In healthy brains, these perineuronal nets remain intact and continue to protect the neurons in the CA2 region. But in brains affected by Alzheimer’s disease, these protective structures begin to break down. The researchers found that this breakdown happens relatively early in the disease process – in their mouse models of Alzheimer’s, the perineuronal nets began to deteriorate by six months of age, which is when the mice also lost their ability to recognize other mice they had previously met.[1]

What makes this finding particularly important is that the breakdown of perineuronal nets appears to happen independently of the classic hallmarks of Alzheimer’s disease. Alzheimer’s disease is typically characterized by the buildup of amyloid plaques and tau tangles in the brain. However, the CA2 region showed few amyloid plaques, suggesting that the loss of social recognition memory occurs through a different mechanism than the one that causes other cognitive problems in Alzheimer’s disease.[1]
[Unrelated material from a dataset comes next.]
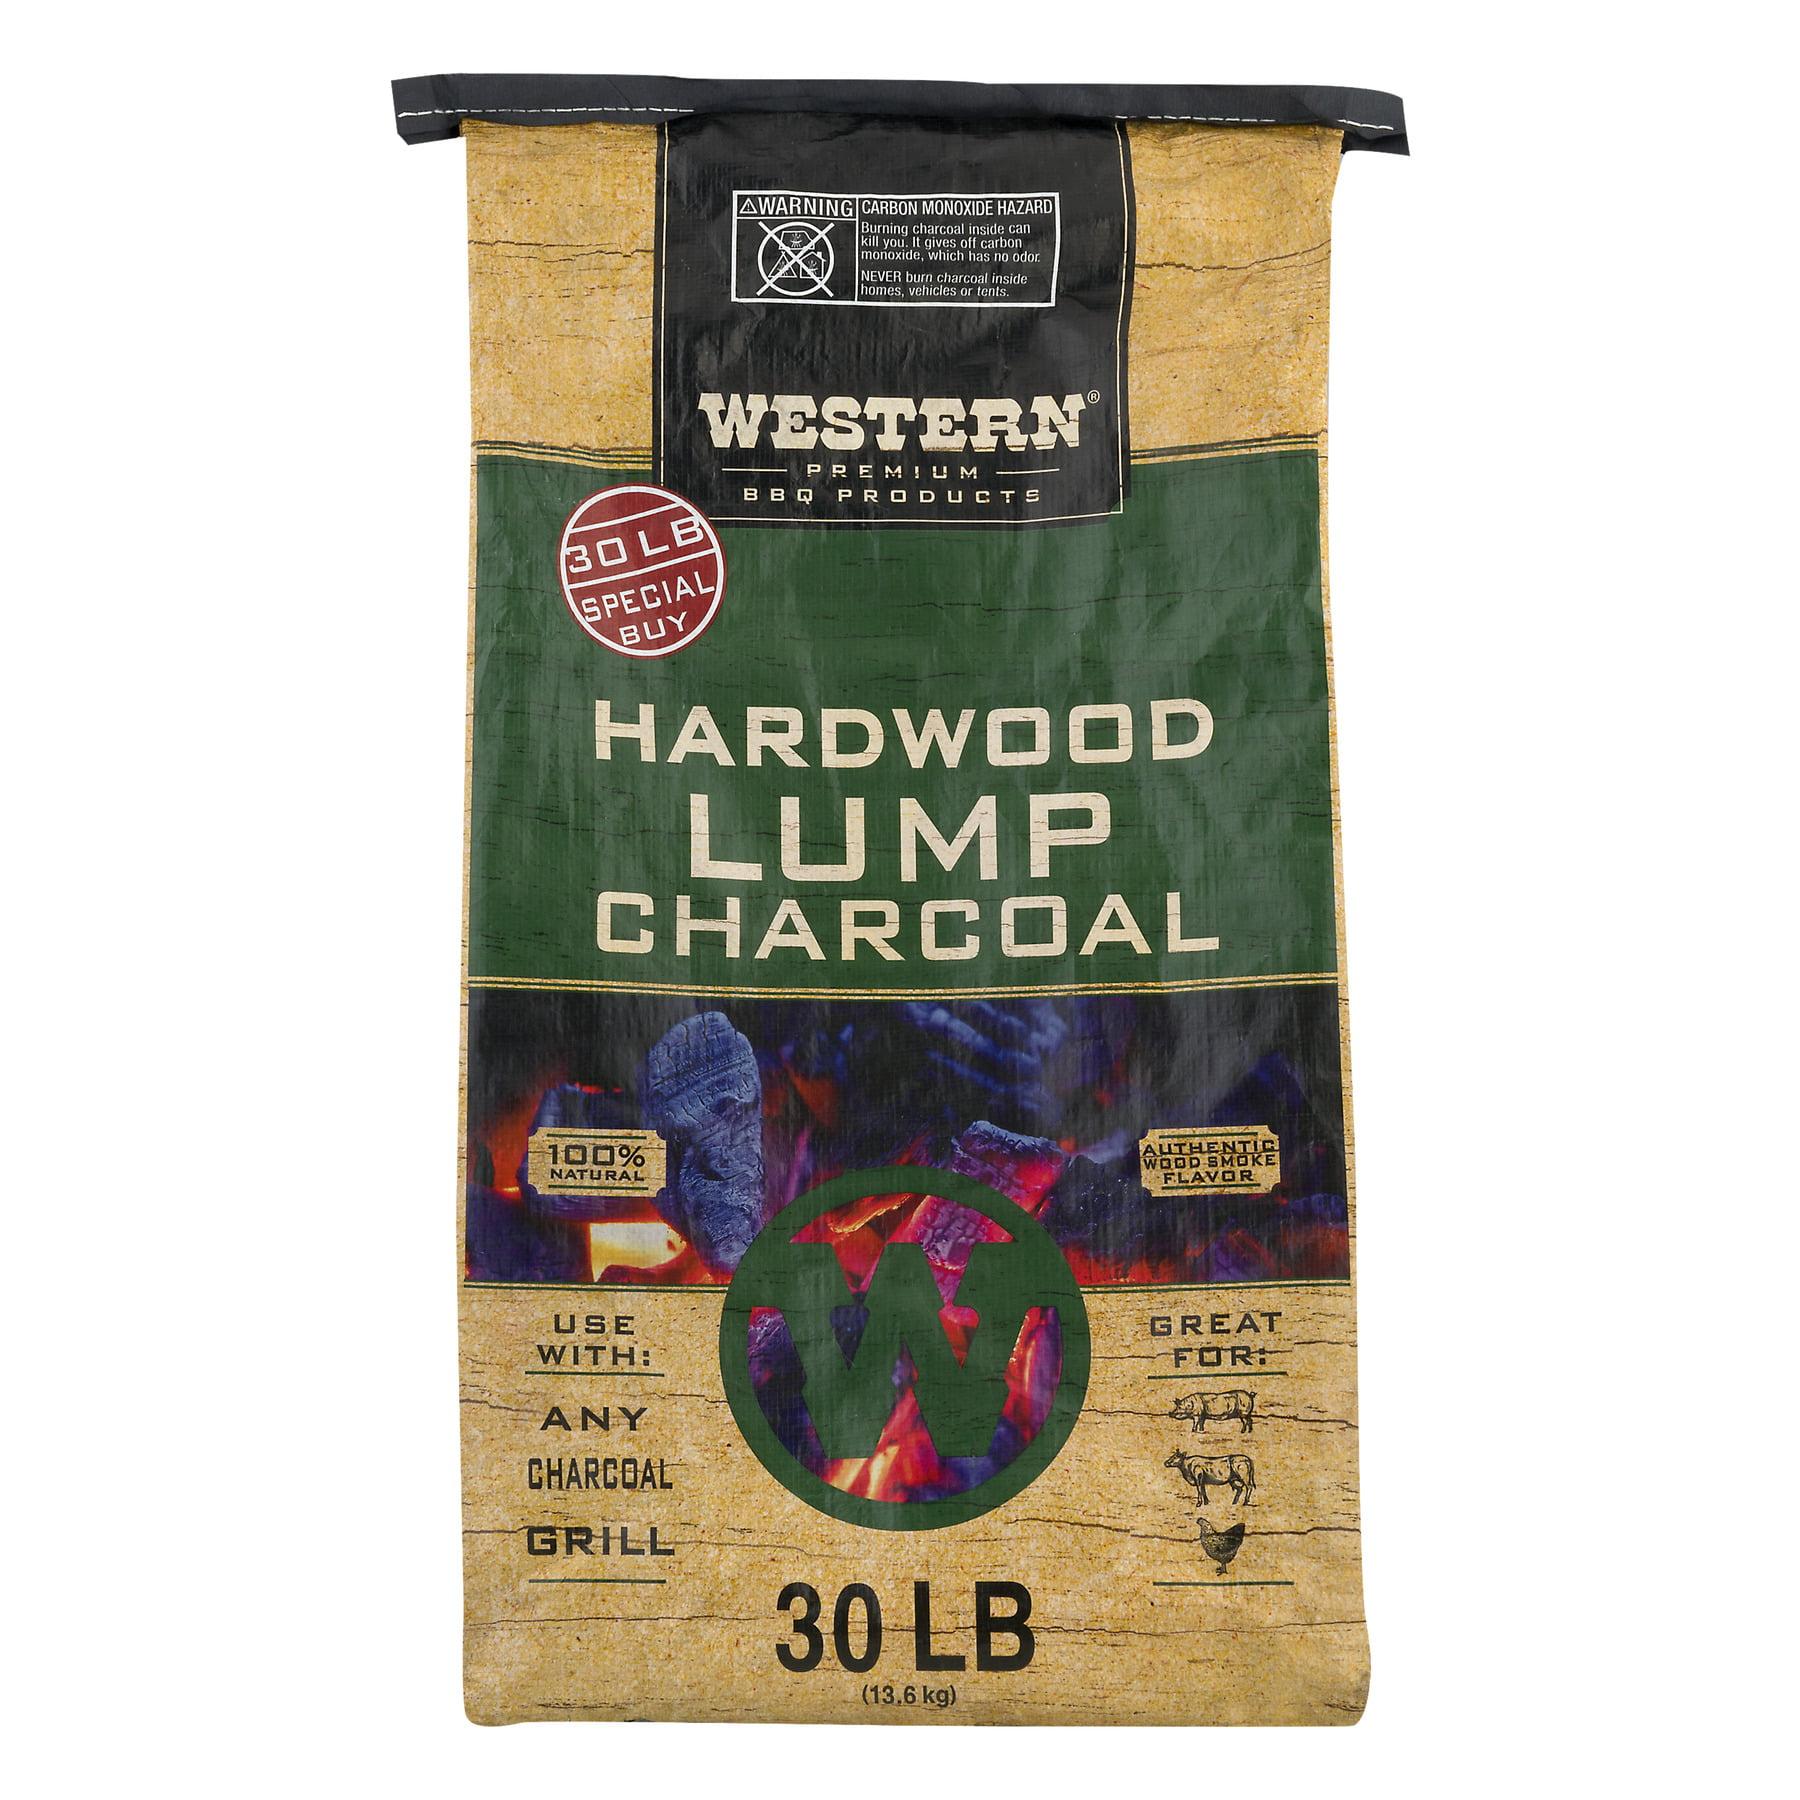 Western Premium BBQ 30LB Hardwood Lump Charcoal

The Role of Enzymes in Breaking Down Protective Structures

The researchers did not stop at simply identifying that perineuronal nets break down in Alzheimer’s disease. They went further to understand why this breakdown occurs. Through gene sequencing of hippocampal tissue, they discovered that enzymes called matrix metalloproteinases, or MMPs, were more active in the brains of mice with Alzheimer’s disease. These enzymes are responsible for breaking down the proteins that make up the perineuronal nets.[1]
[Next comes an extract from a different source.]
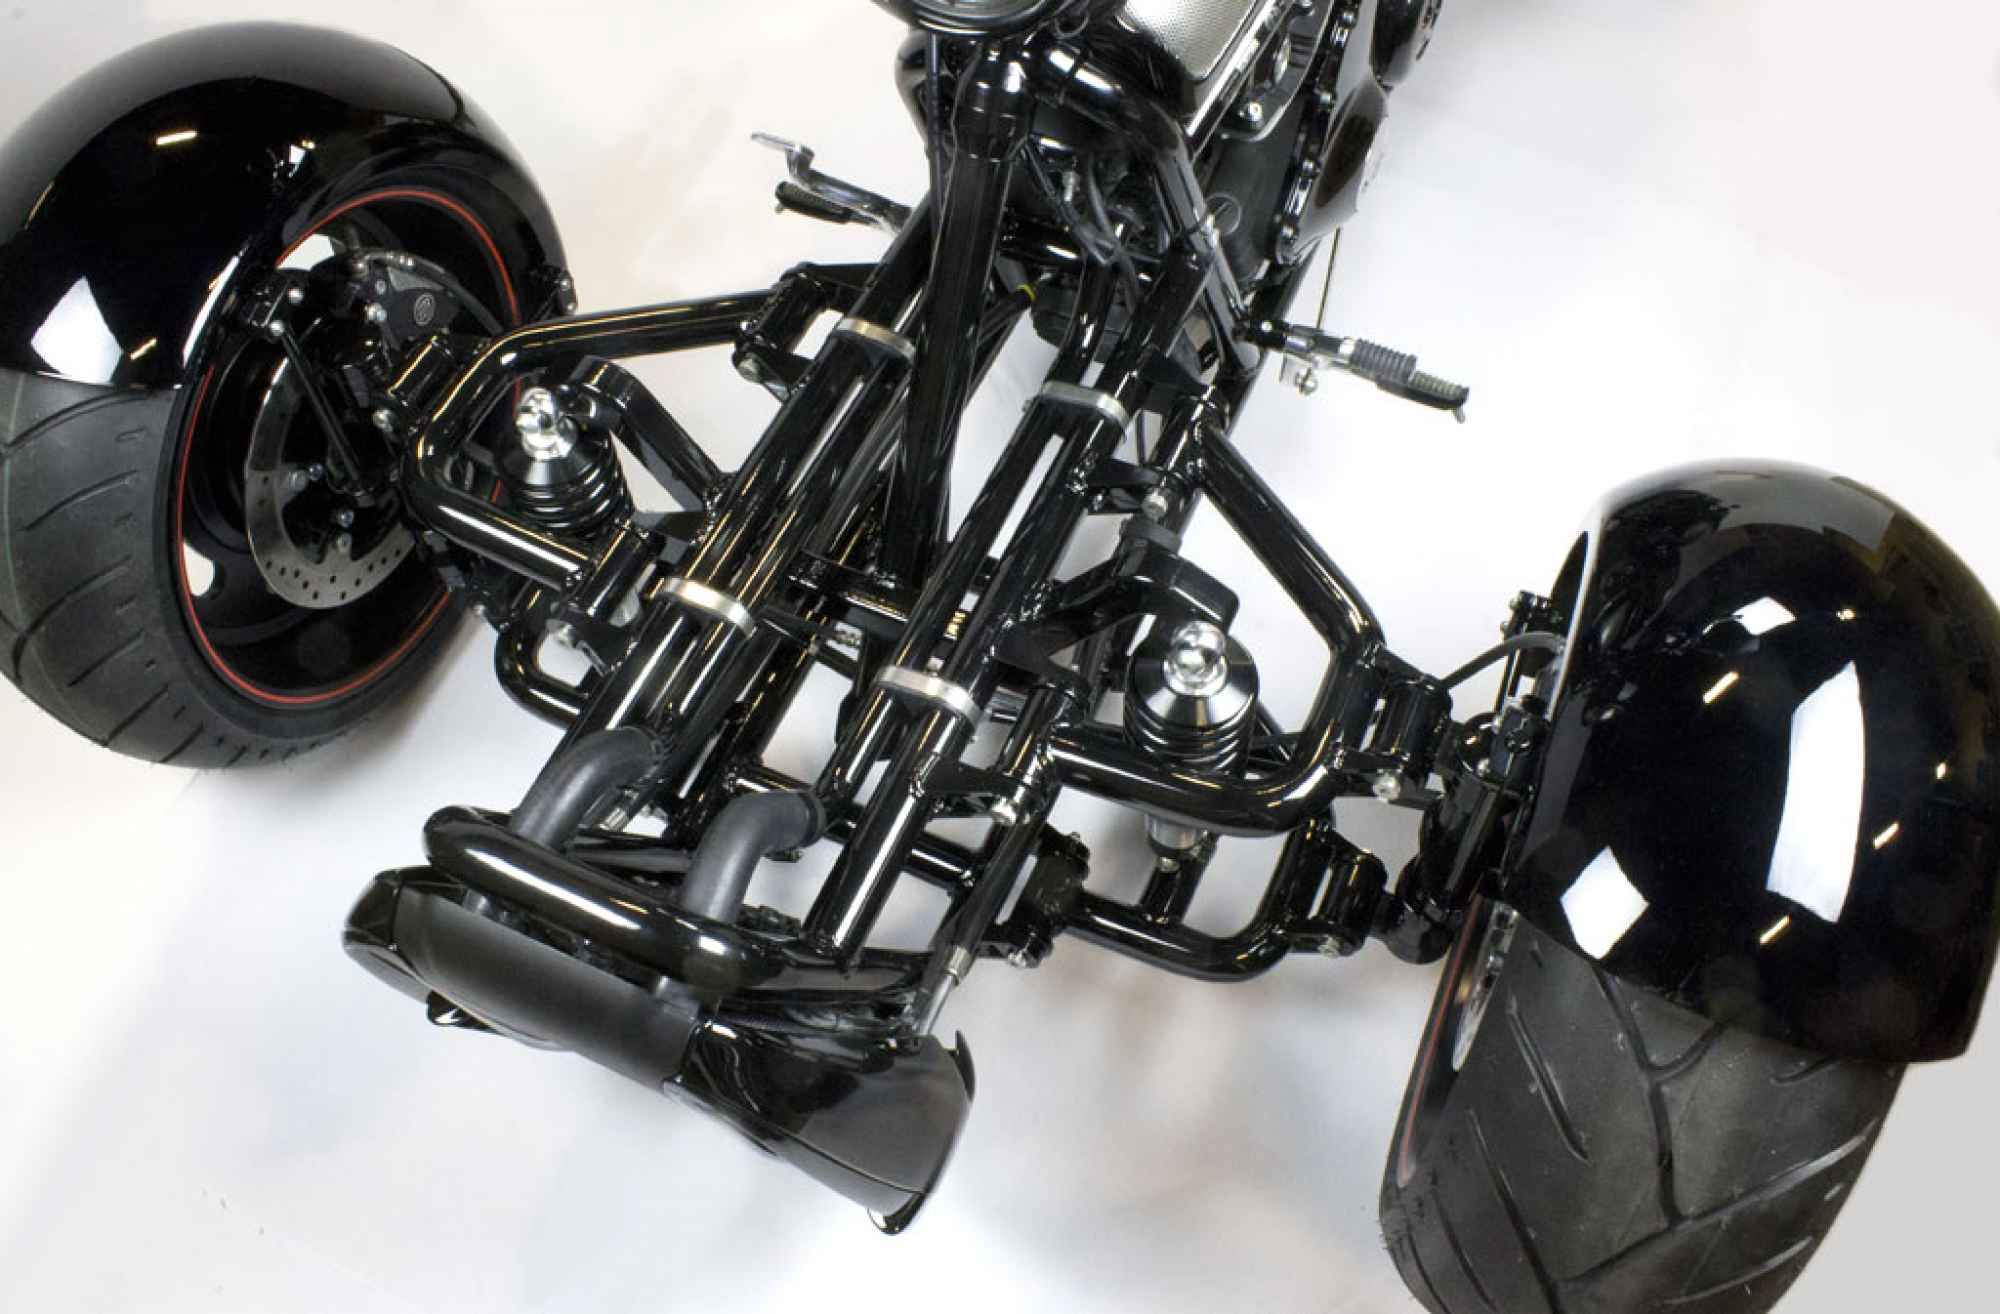 Custom Harley Davidson V Rod Scorpion Reverse Trike Wild File

In a healthy brain, there is a balance between the creation and destruction of the extracellular matrix – the material that surrounds and supports brain cells. But in Alzheimer’s disease, this balance is disrupted. The MMPs become overactive, leading to excessive breakdown of the perineuronal nets. This molecular imbalance is what appears to be driving the loss of social recognition memory.

The researchers tested whether blocking these enzymes could prevent the loss of social recognition memory. They treated mice with a drug called GM6001, which blocks the activity of MMPs. The results were striking. When the MMPs were blocked, the perineuronal nets were preserved, and the loss of social recognition ability was delayed.[1]

This finding suggests a potential new approach to treating the loss of social recognition in Alzheimer’s disease. Rather than trying to address the amyloid plaques and tau tangles that are the focus of many current Alzheimer’s treatments, a new therapeutic approach could focus on protecting or rebuilding the perineuronal nets in the CA2 region.

Experimental Evidence from Mouse Studies

The researchers conducted several experiments to test their hypothesis about the role of perineuronal nets in social recognition memory. These experiments provided compelling evidence that the breakdown of these structures is directly responsible for the loss of the ability to recognize familiar faces.

In one set of experiments, the researchers used genetic techniques to artificially remove perineuronal nets from the CA2 region in healthy mice whose brains were otherwise completely normal. These mice had no Alzheimer’s disease and no other brain pathology. Yet when the perineuronal nets were removed, the mice lost their ability to recognize other mice they had previously met. This was a crucial finding because it showed that the loss of social recognition memory is directly caused by the loss of perineuronal nets, not by other aspects of Alzheimer’s disease.[2]

In another set of experiments, the researchers tested whether the loss of social recognition memory could be reversed if the perineuronal nets were allowed to regrow. They used an enzyme that temporarily dissolved the perineuronal nets in healthy mice. Within five days, the mice had lost their social memory – they could no longer recognize mice they had previously met. But then something remarkable happened. The perineuronal nets regrew naturally over the course of two weeks, and as they regrew, the mice’s ability to recognize other mice returned.[2]